Imagine you are in a backend and you need to hit a DB or an external API. You need to check if the things are being saved in the DB and if the requests are being done properly.

Do you consider these types of tests different from ones where you just test the public API of a module?

Do you consider them E2E or integration tests? If so, how do you configure them?

I’d start with the question: Why do you need another mix env for your integration tests in the first place?
I’m aware that many things differ between unit and integration tests, but if config.exs seems like the only way to provide them you might want to re-evaluate your options on dependency injection.

1 Like

Very good question!

Perhaps this is more related to the way I pass in dependencies. Imagine you have a module MyModule:

  • In some tests you want to stub it, as in, you want its functions to return pre-determined values.
  • In other tests you want to use it, but you want MyModule to be executed with a given configuration, for example, you want to execute all its code but you want it to call a dummy server instead of the real, payed server.

Given this scenario, how do you organize your code?
How do you inject your dependencies?
Are there any patterns you’d recommend?

yeah I guess they’re technically E2E tests. Sorry. Due to this insane division where I work we have started calling the frontend everything that isn’t in the datacenter, so our database lives in the frontend. I keep forgetting that everyone else doesn’t use this terminology the same way. Sorry for the confusion.

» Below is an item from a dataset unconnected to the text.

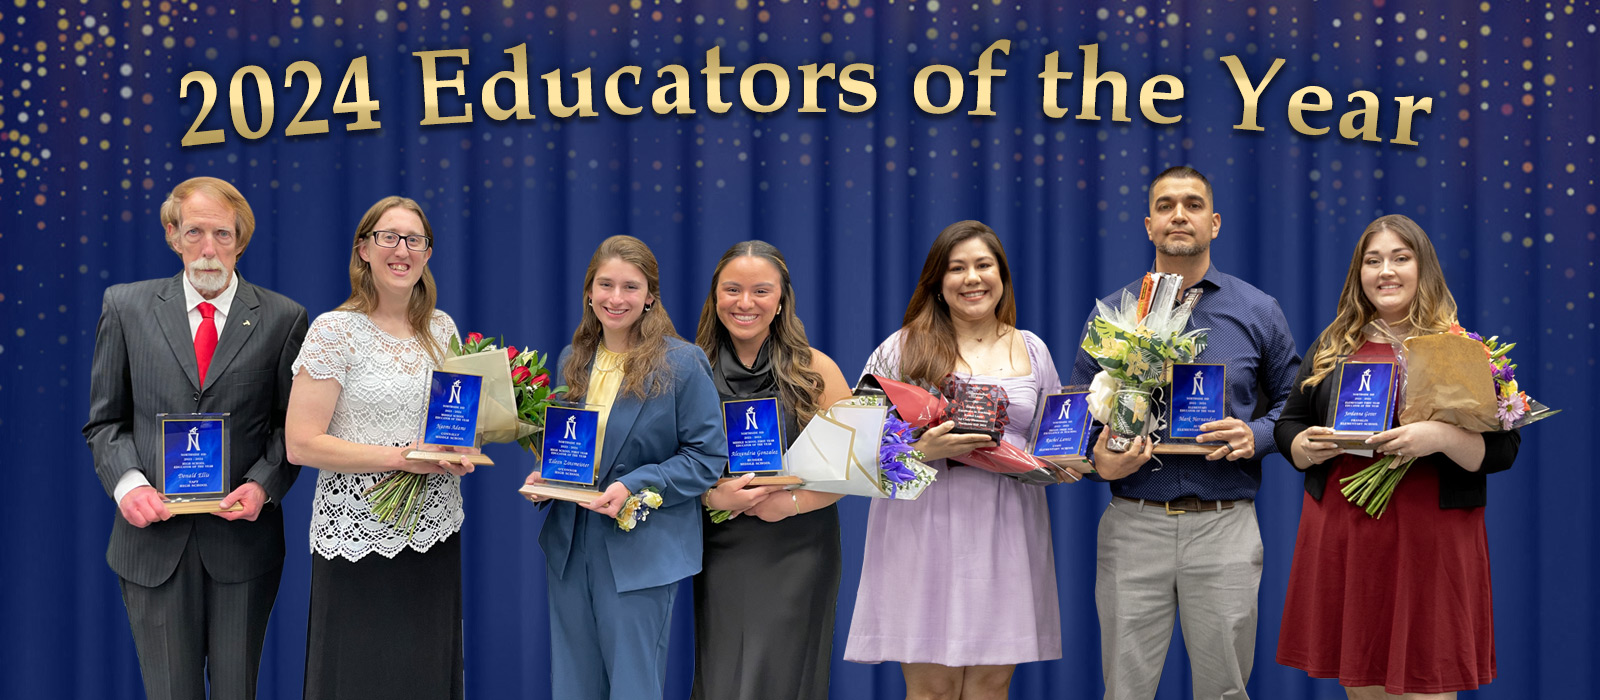  announces 2024 District Educators of the Year

All of those questions boil down to “how can I make my code do different things (at runtime)”. If you can do that the stubbing/predefined responses part becomes simple, as it’s just one of those “different things” (likely a mox module). To get to that point imagine building a system, where in production you need to be able to switch out those parts, which you want to be able to switch out in your tests. E.g. the code you posted in your first post won’t cut it, as the dependency is set at compile time, so it’s not changeable at runtime.

1 Like

I just need to get fake answers (stubs) from a collaborator and to sometimes call a fake server. Nothing changes at runtime, not the way I see it.

Could you elaborate why runtime is the heart of the issue here? I seem to not understand your point of view.

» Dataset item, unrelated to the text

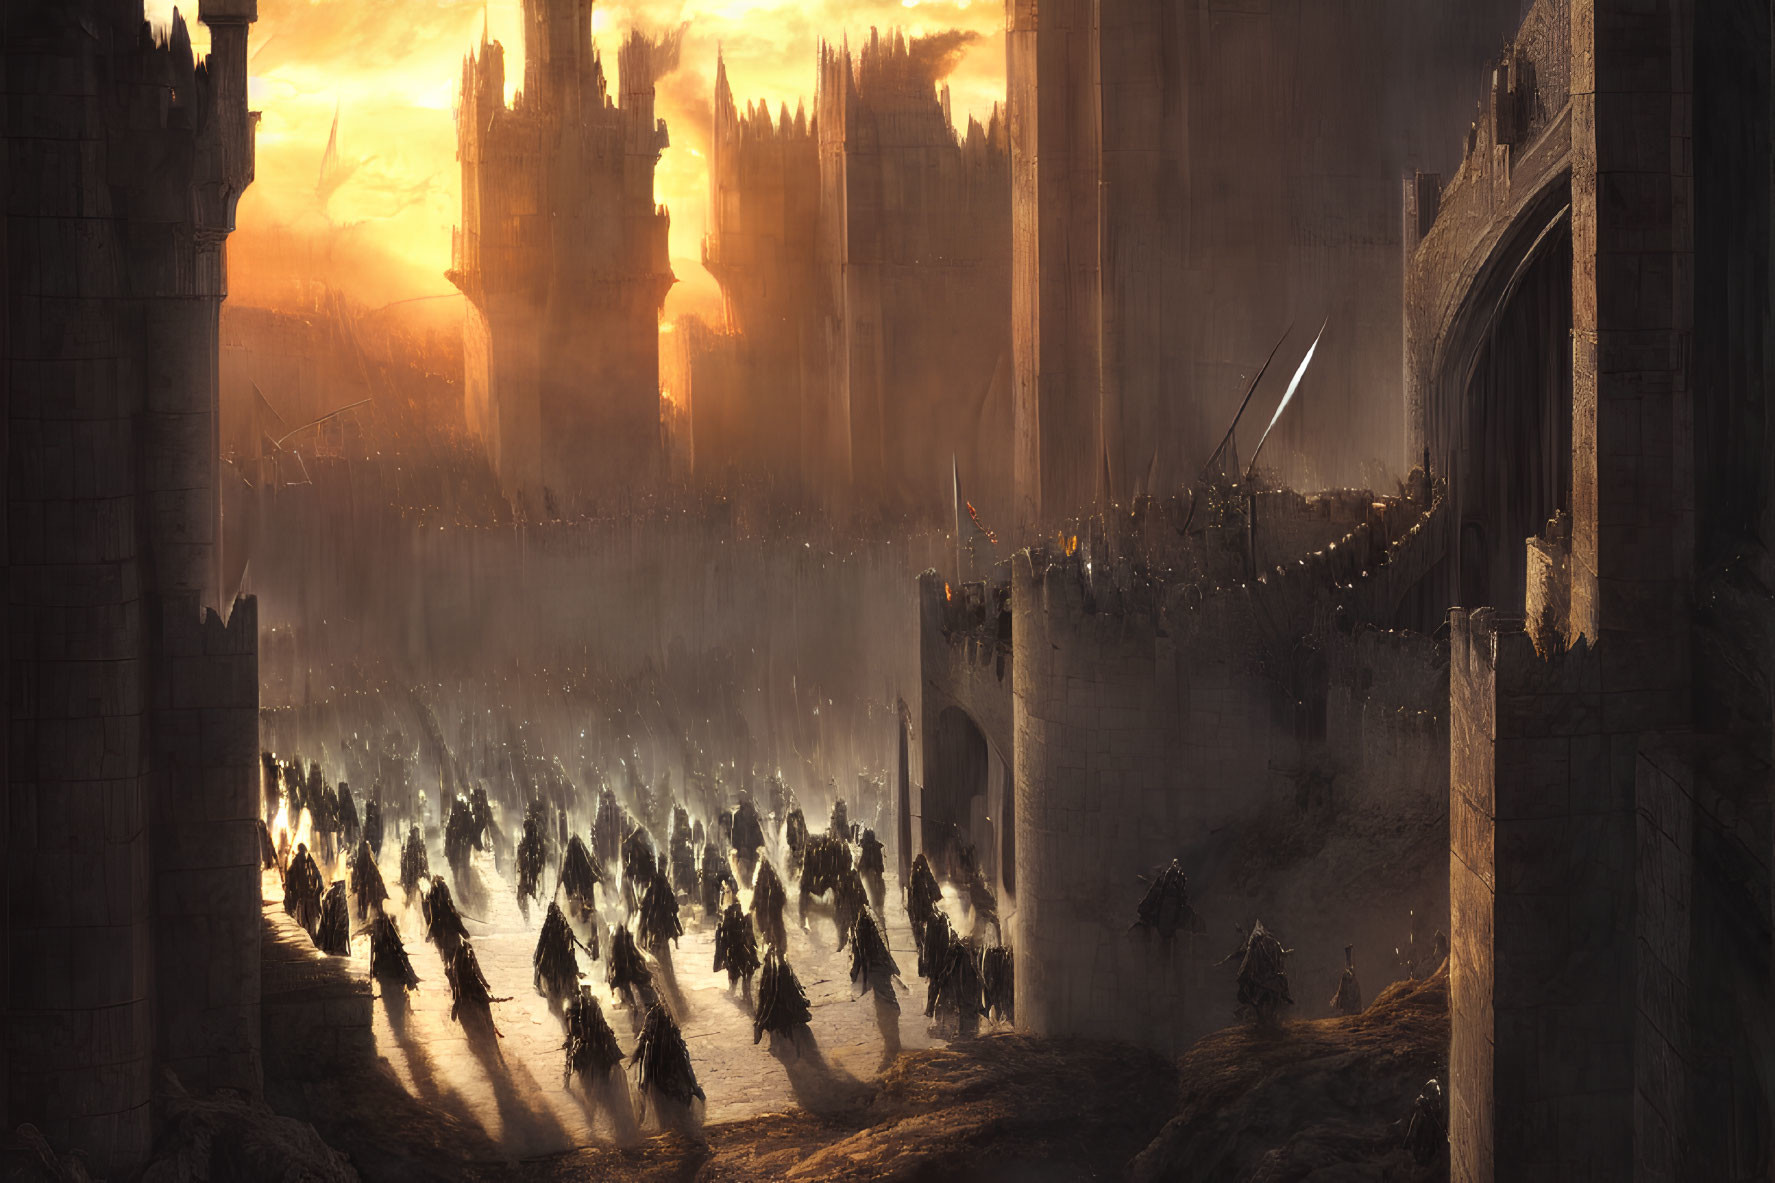 Massive army marching towards grand castle at sunset

That’s imho a big misconception. But there are layers to the problem here:

Currently you’re changing the code executed by having a different config when running tests. This is fine if your tests need a single static setup of dependencies applied.
Now you’re wondering how to move to a place where the single static setup of dependencies is no longer enough for all your tests. One way to do that is changing the setup between sets of tests, which need a common setup.

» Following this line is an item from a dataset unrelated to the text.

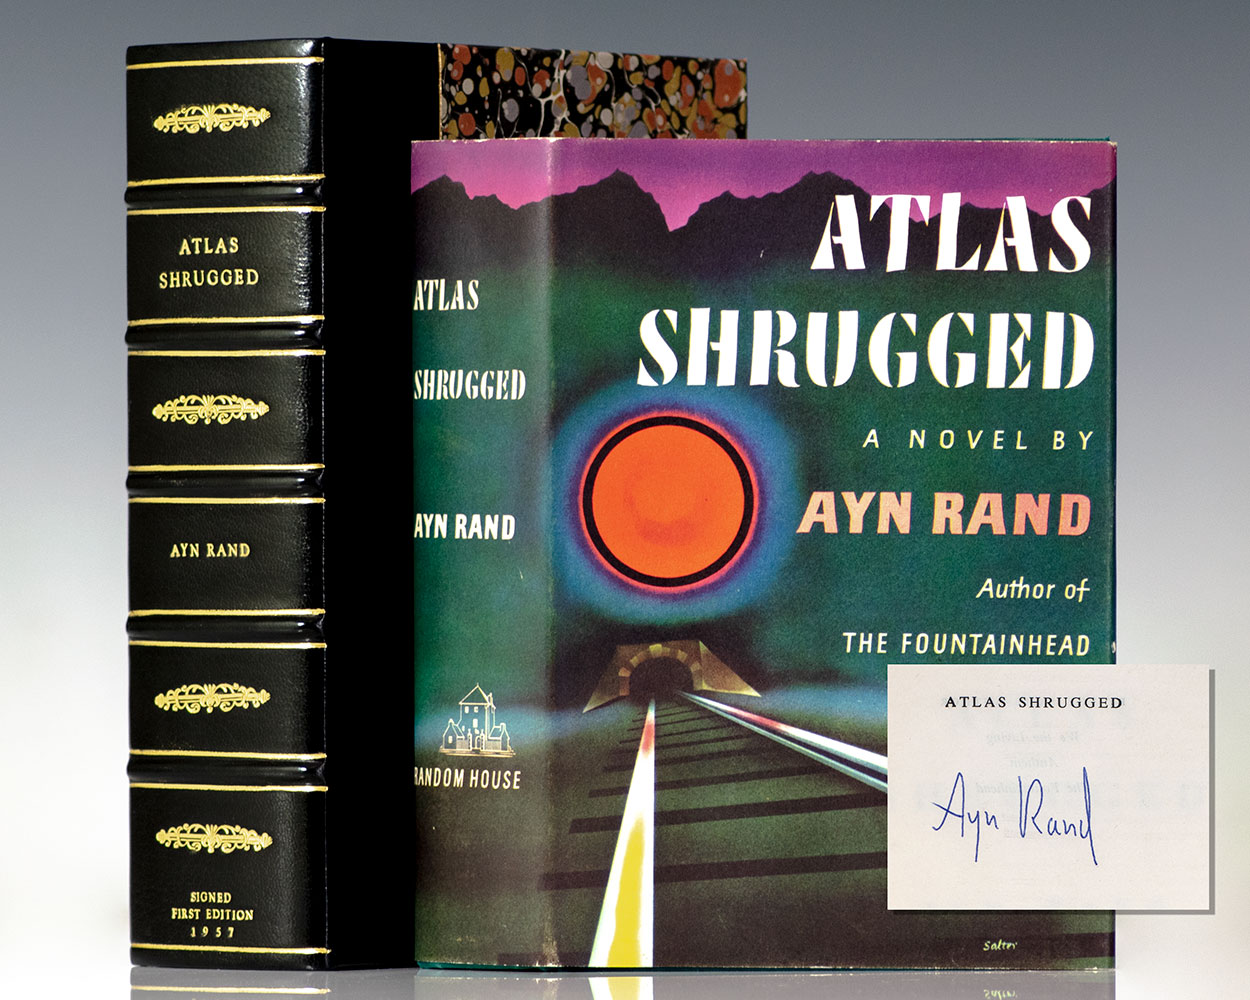 The Atlas Six (Signed First Edition with

You’re doing this via the MIX_ENV (could be something else you can check on in a config.exs file) + multiple separated testruns, which is the only way to affect config early enough so you can depend on it at compile time. This is great in terms of your application being statically configured by config and nothing is dynamic at runtime. This also means all the tests you run in one of such batches need to deal with the same setup.

If the above is not flexible enough you need to start setting up dependencies at runtime. And that point is reached earlier than one might expect. E.g. using Mox means you’re setting up a dependency at runtime (the module might be the same, but the functions are different) and you either need to run tests with async: false to have the correct mocked implementation called or you need to pass in something from your test to the callsite, which makes it call the mocked implementation. The same is true for any two concrete implementations you want to change between within the same testrun. If you’re actually using Mox or not is actually not relevant.

So unless you can configure everything statically at compile time you’re in a place where you’re handling multiple interchangeable implementations at runtime and you’re imo better of acknowledging that fact in your codebase instead of trying to ignore it – even if in production there’s only one implementation used.

2 Likes

As a matter of curiosity, I do use Mox xD
I think I now understand a little bit better. After some research I have found this article which depicts several ways to run tests and do DI, at what I believe is runtime according to your definition (please correct me if I am wrong).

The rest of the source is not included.